Я стою. Я стою не просто, а недвижно. Людям третьего тысячелетия трудно было бы это понять. Я понял очень быстро. Поймёшь, и быстро, когда – в случае непонятия – вытекут твои глаза. И встанет в воздухе крик. Крик ослеплённого. И я понял очень быстро. «Чего и вам желаю», – следовало бы добавить в духе русской речи последних ста лет. Вашего времени. Но не добавлю. Я выпал из времени.
Мы стоим шеренгой, царедворцы, посреди – он. Цезарь Флавий Юстиниан Аламанский, Готский, Франкский, Германский, Антский, Аланский, Вандальский, Африканский. Словом, василевс. Или басилевс – как правильнее писать по-русски? Грозен почти так же, как супруга его, Феодора. Истинная гречанка, с лёгкой раскосостью во взгляде, только я вот не помню, на каком из островов она рождена? На Кипре? Бог весть. «Бог весть» – надо же, как я тут стал выражаться.

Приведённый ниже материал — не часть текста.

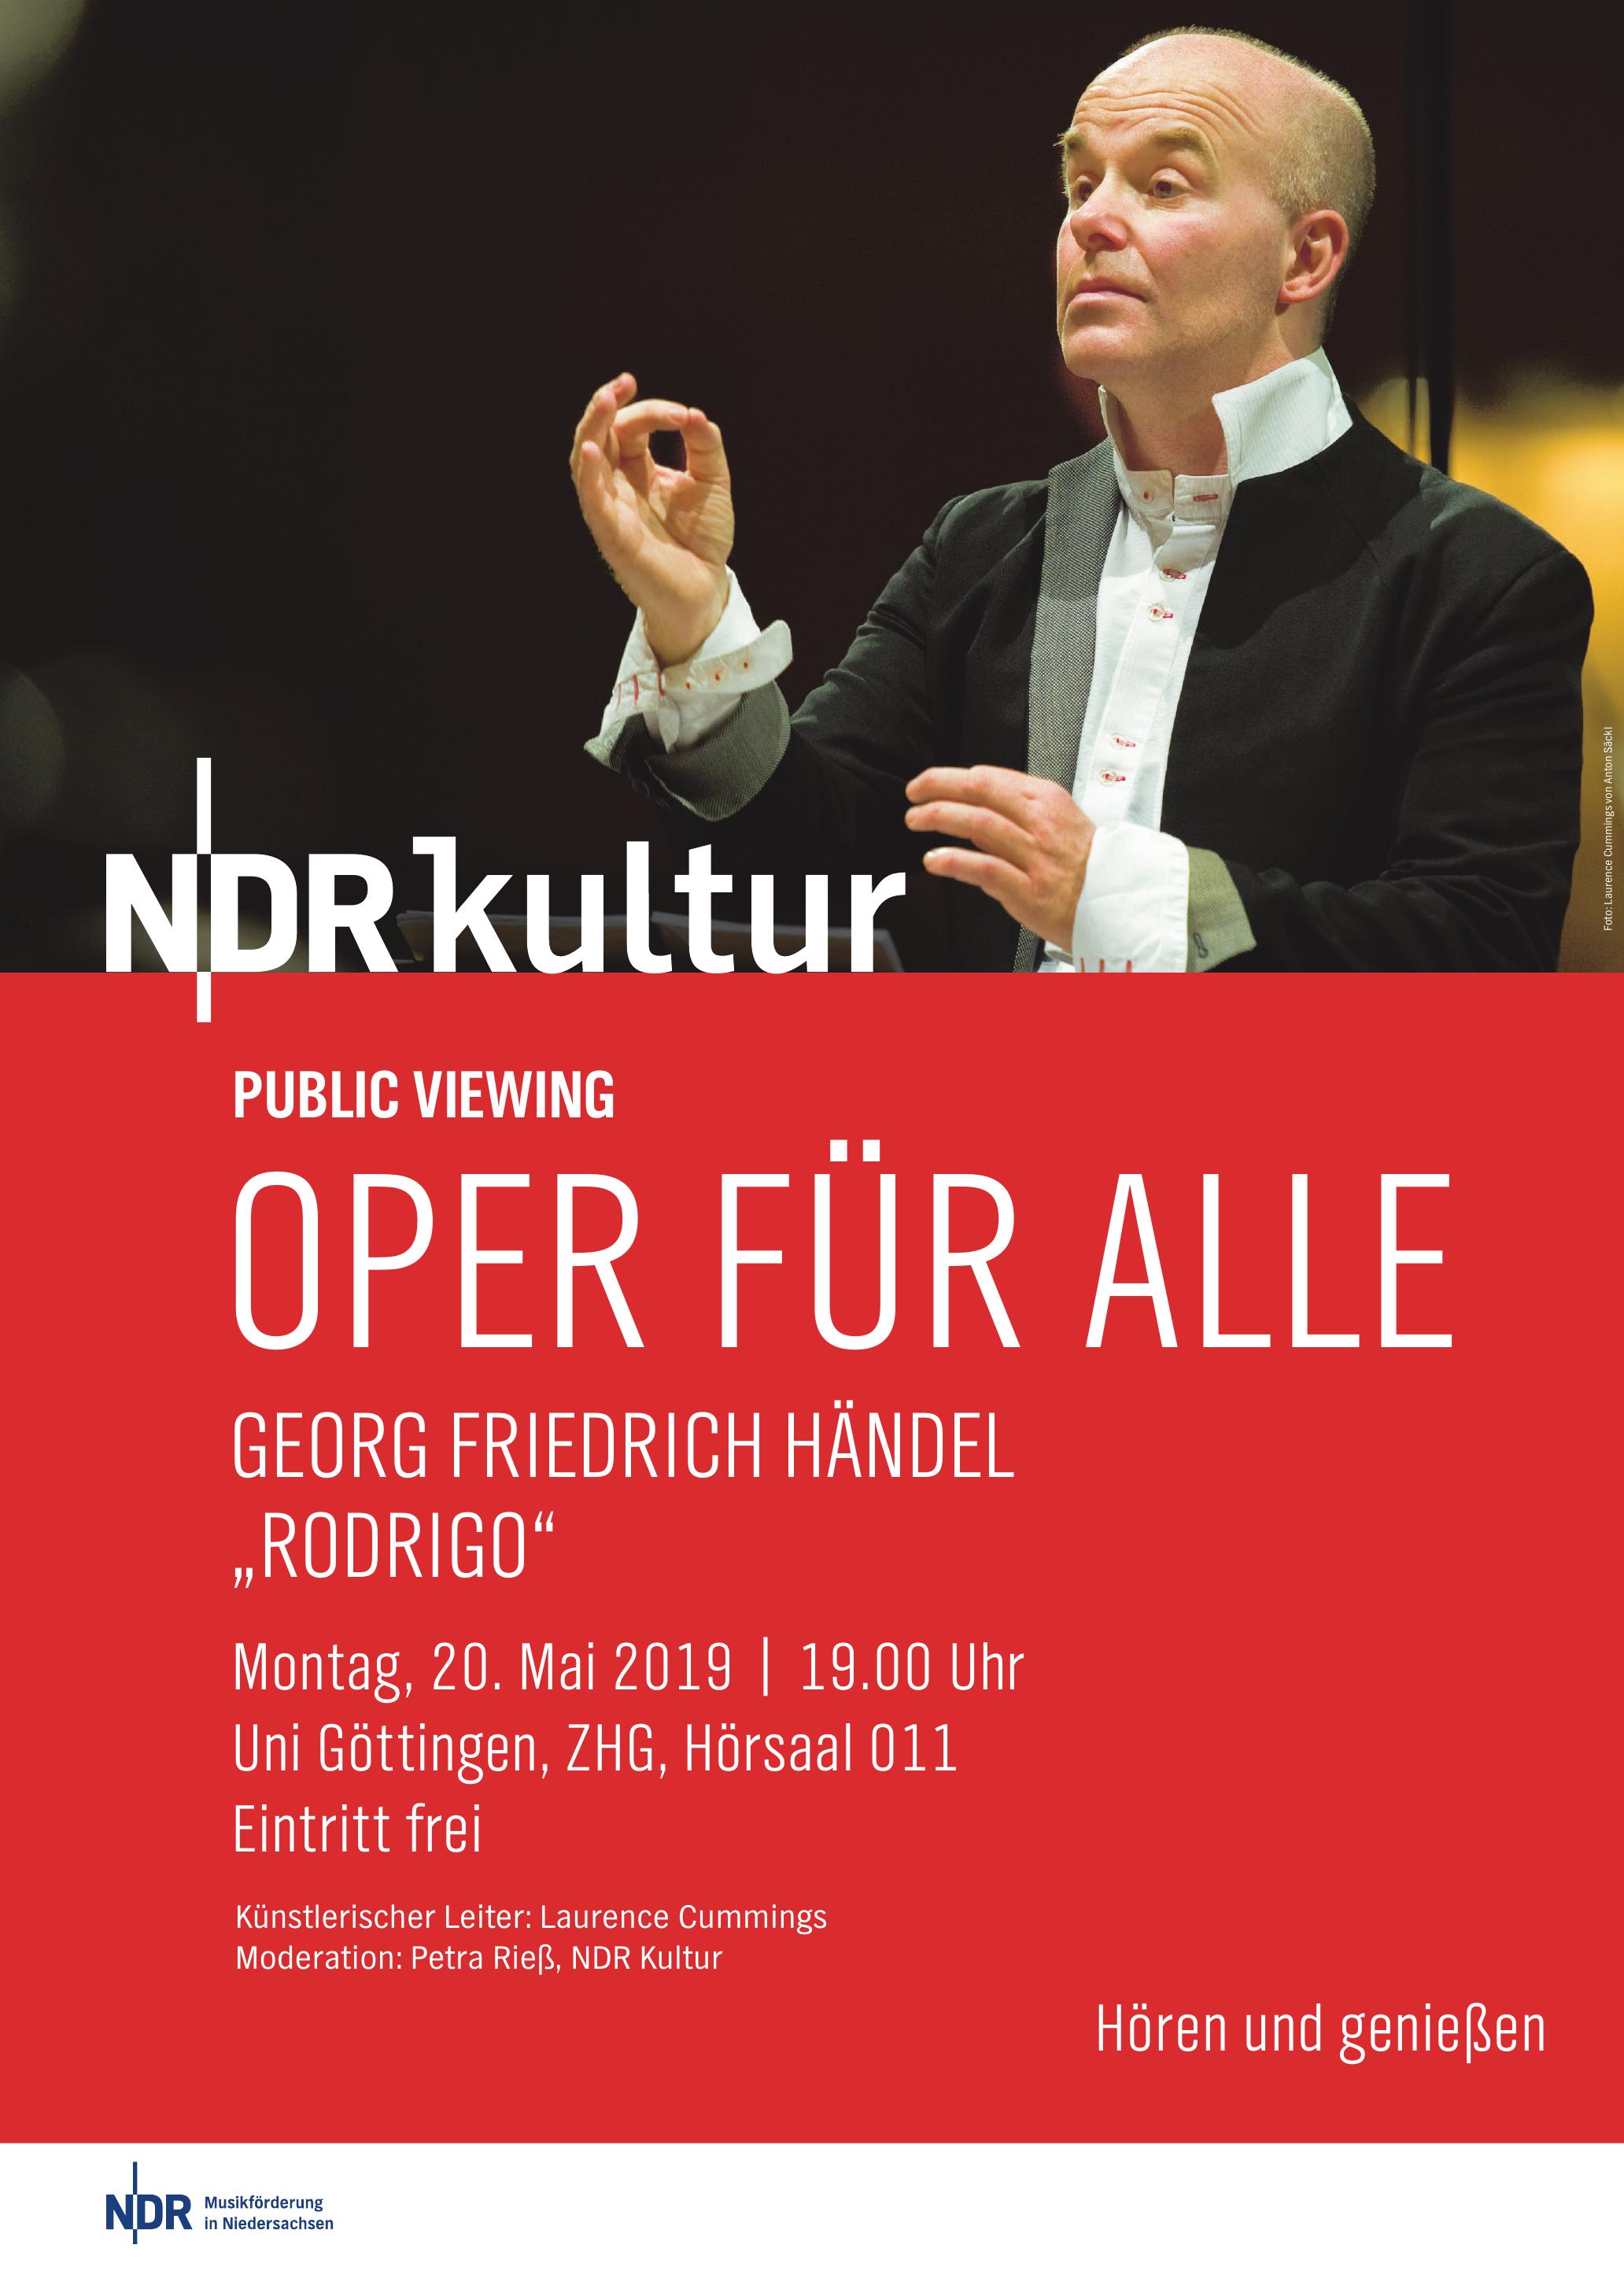 NDR Musikförderung in Niedersachsen

Тяжёлое шито. Оно висит на мне килограммами. Оно расшито драгоценностями. По двум причинам мы тут расцветились павлинами – из-за присутствия василевса и вследствие художника, что взирает на нас с потаённым испугом и спешно набрасывает что-то на бумаге.
Мы стоим недвижно, тот, что посерёдке – от сознания собственного величия, остальные – от сознания ничтожности своей и суровости наказания, что нависло дамокловым мечом, оно помахивает, да посвистывает нагим лезвием в воздухе. Слышно – вжик, вжик. Ещё я слышу наше дыхание. То один, то другой свистанёт ноздрями, повертит одними зрачками – не слышно ли было? Из солидарности и мы повертоглазим, головою не двинув, потом вперимся вперёд – на мозаичиста, набрасывающего эскиз для мозаики.
Я слегка выставил ногу вперёд. На пару миллиметров. Кто-то думает, что это легко? Попробуйте. Только вот здесь, здесь попробуйте...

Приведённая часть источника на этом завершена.